Describe what each function does:

In [None]:
"""
ASSIGNMENT: 
    1. Try out the functions mentioned above in this cell.
    2. Describe what they do in the cell below
"""

### YOUR CODE HERE (just for trial and error)

It's often useful to have some lists directly available. 
Extract them now and store them in separate variables.
Create separate lists for:
1. All provinces (unique)
2. All years (unique)
3. All variables (all columns, but not provinces and years)

In [None]:
df.columns

In [None]:
"""
ASSIGNMENT: Store the name of all provinces, years, and variables
"""

### BEGIN SOLUTION
provinces = df.province.unique().tolist()
years = df.year.unique().tolist()
columns = df.columns.tolist()
variables = columns[2:]
### END SOLUTION

In [None]:
years == [x for x in range(2003,2018)]

In [None]:
"""
CHECK
"""

assert provinces == ['Groningen',
                    'Friesland',
                    'Drenthe',
                    'Overijssel',
                    'Flevoland',
                    'Gelderland',
                    'Utrecht',
                    'Noord-Holland',
                    'Zuid-Holland',
                    'Zeeland',
                    'Noord-Brabant',
                    'Limburg']

assert years == [x for x in range(2003,2018)]
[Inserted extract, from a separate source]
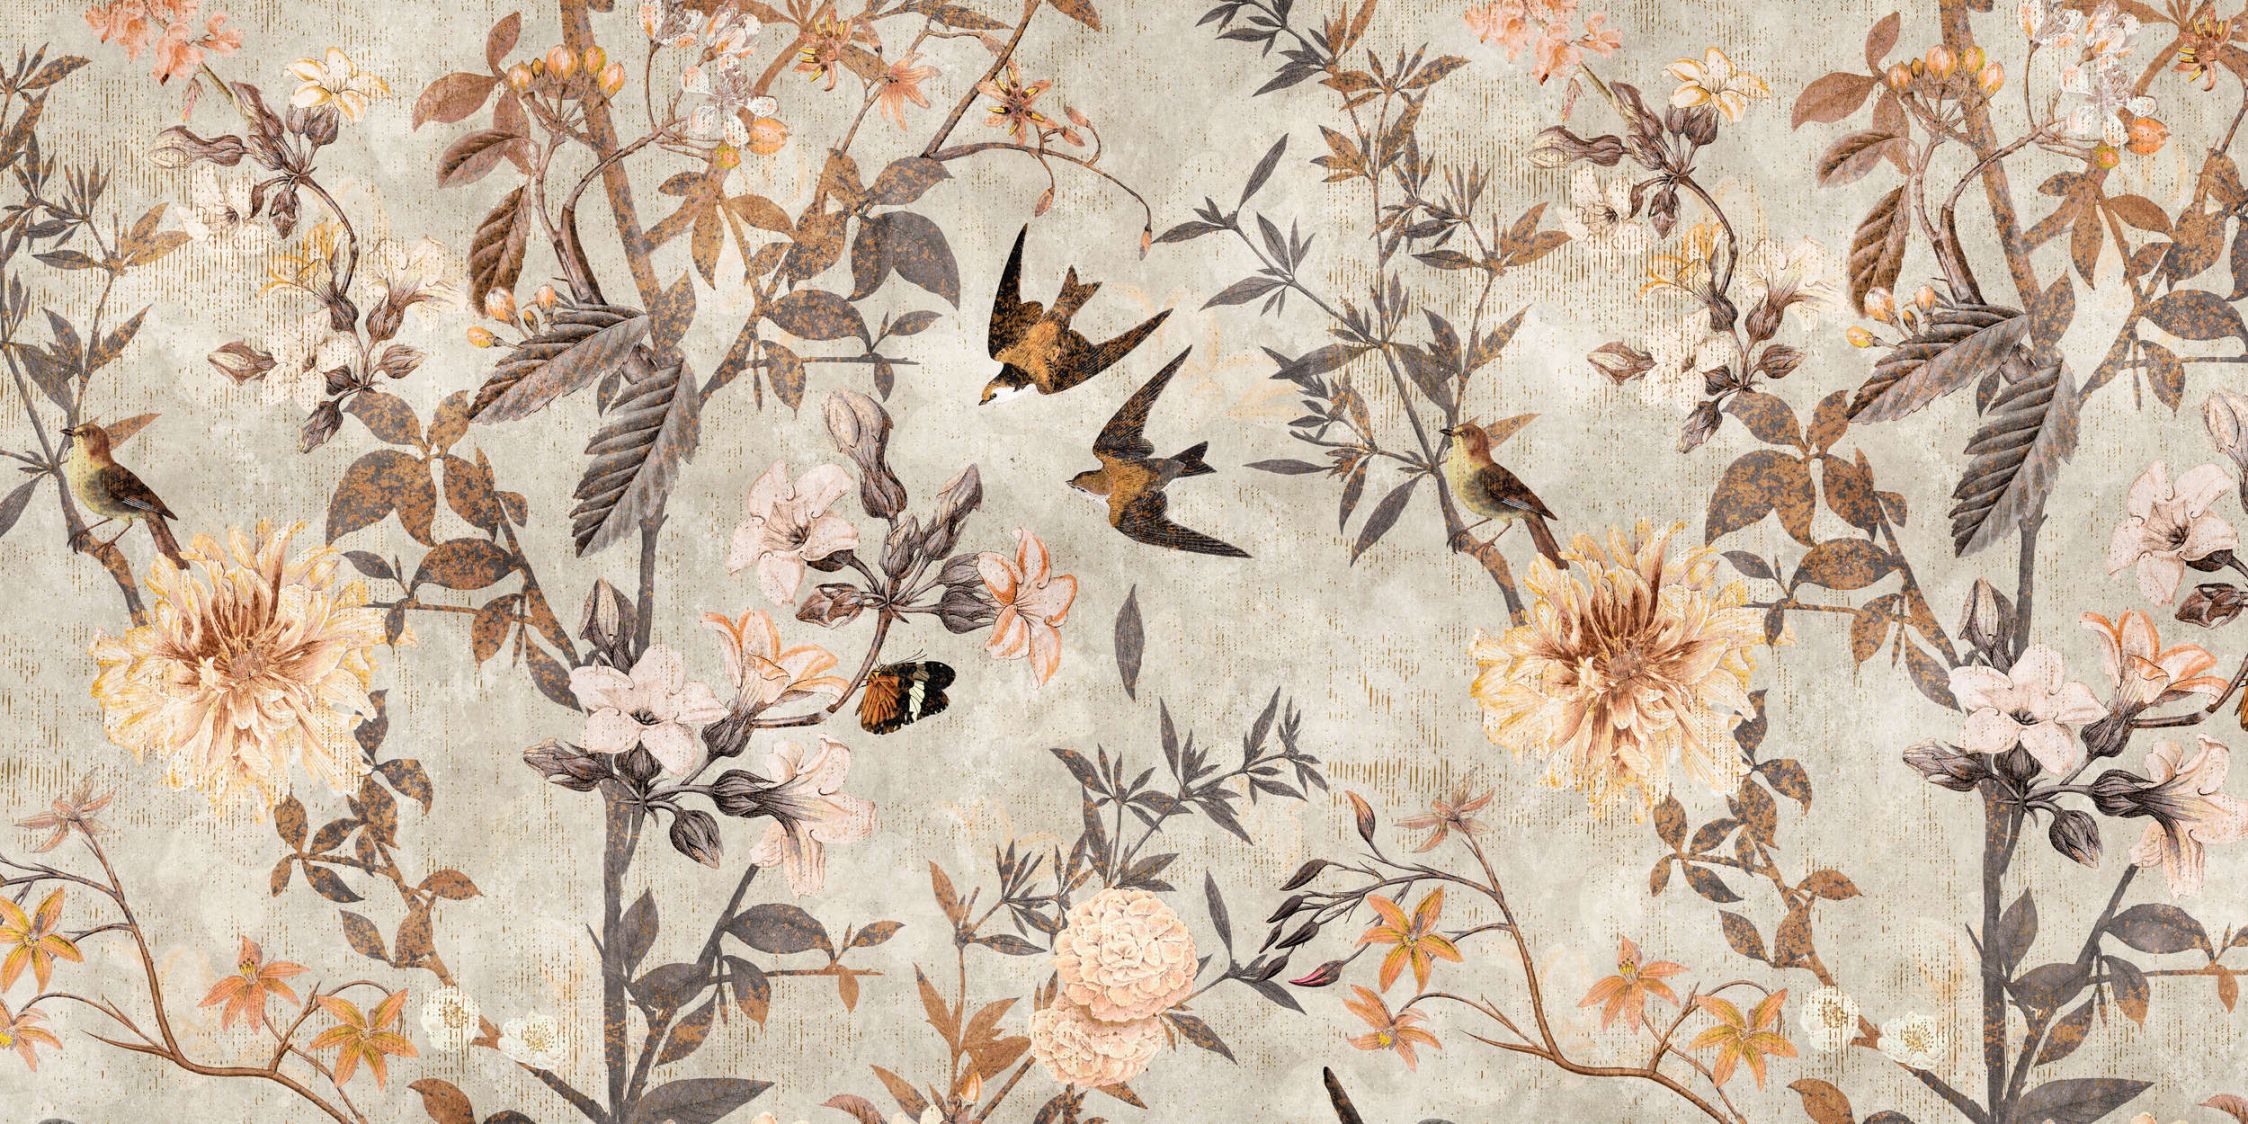             Digital behang »eden« - Vogels & bloemen in vintage stijl - Matte, gladde vliesstof
        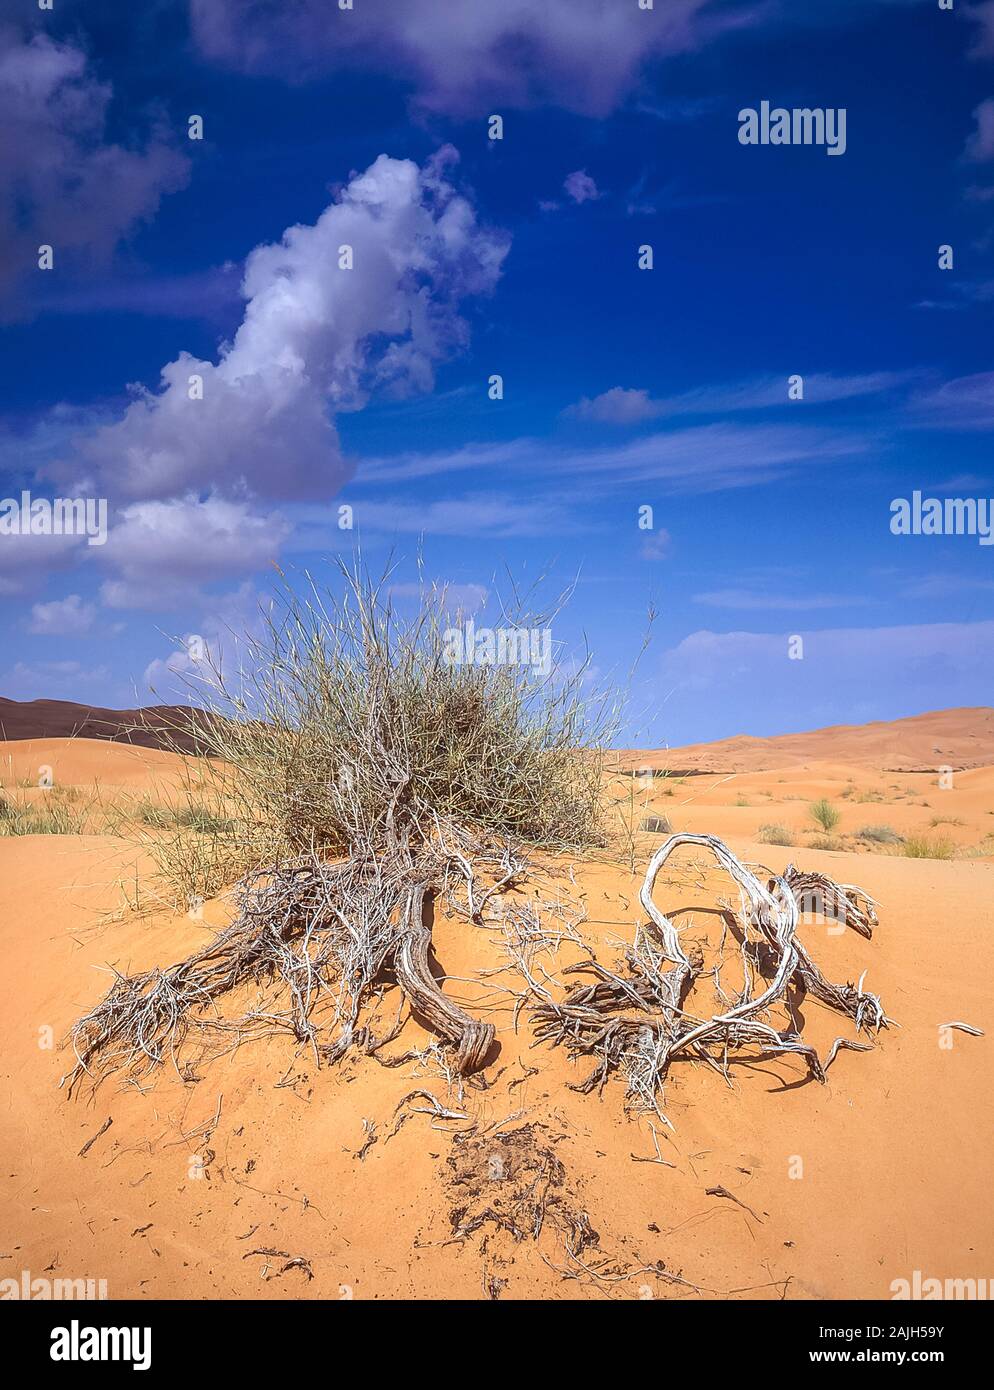 Dubaï. Magnifique paysage désertique de dunes de sable naturelles et soufflées de vent près du village d'Al Dhid sur le bord de la route entre la ville de Dubaï et la forteresse rurale oasis ville de Hatta Banque D'Images

assert variables == ['total_population',
                     'nr_women',
                     'nr_younger_than_5',
                     'nr_between_5_and_10',
                     'nr_between_10_and_15',
                     'nr_between_15_and_20',
                     'nr_between_20_and_25',
                     'nr_between_25_and_45',
                     'nr_between_45_and_65',
                     'nr_between_65_and_80',
                     'nr_above_80',
                     'nr_in_urban_region',
                     'nr_buildings',
                     'nr_buildings_per_km2',
                     'nr_personal_vehicles',
                     'km_total_road',
                     'km_city_road',
                     'km_provincial_road',
                     'km_national_road']






### Selecting rows

You'll often only be interested in a subset of the data. 
Let's write a couple of functions for some specific queries

In [None]:
def extract_province(df,province):
    ### BEGIN SOLUTION
    result = df.loc[df['province'] == province]
    ### END SOLUTION
    return result

In [None]:
assert df.iloc[0:15].equals(extract_province(df,provinces[0]))

### BEGIN HIDDEN TESTS
for province in ['Limburg','Noord-Holland','Zuid-Holland','Friesland']:
    assert df.loc[df['province'] == province].equals(extract_province(df,province))
### END HIDDEN TESTS

In [None]:
"""
ASSIGNMENT: Create a function to extract BOTH:
    1. Variables of interest
    2. Province & Year information
"""
def extract_variables(df,variables):
    ### BEGIN SOLUTION
    result = df[['province', 'year'] + variables]
    ### END SOLUTION
    return result

In [None]:
"""
CHECK: extract_variables()
"""
test_cols = ['total_population','km_provincial_road']
test = extract_variables(df,test_cols)
assert test.columns.tolist() == ['province','year'] + test_cols
assert len(test) == len(df)

### Grouping rows

We can use the groupby functionality to summarize our datasets by groups.
Use this functionality to complete the following two functions:

In [None]:
"""
Assignment: Create a function which shows the total (sum) for a set of variables per year
"""

def year_total(df,variables):
    ### BEGIN SOLUTION
    result = extract_variables(df,variables)
    result = result.groupby('year').sum()
    ### END SOLUTION
    return result
    

In [None]:
year_total(df,test_cols).values

In [None]:
automatic = year_total(df,test_cols).values
manual = np.array([[16192572,     7858],
               [16258032,     7800],
               [16305526,     7744],
               [16334210,     7746],
               [16357992,     7898],
               [16405399,     7850],
               [16485787,     7835],
               [16574989,     7861],
               [16655799,     7863],
               [16730348,     7803],
               [16779575,     7778],
               [16829289,     7750],
               [16900726,     7738],
               [16979120,     7758],
               [17081507,     7756]])

assert np.sum(automatic == manual) == manual.shape[0] * manual.shape[1]

### Create new columns

You'll often want to create new columns such as ratio's, growth percentages, or other transformations.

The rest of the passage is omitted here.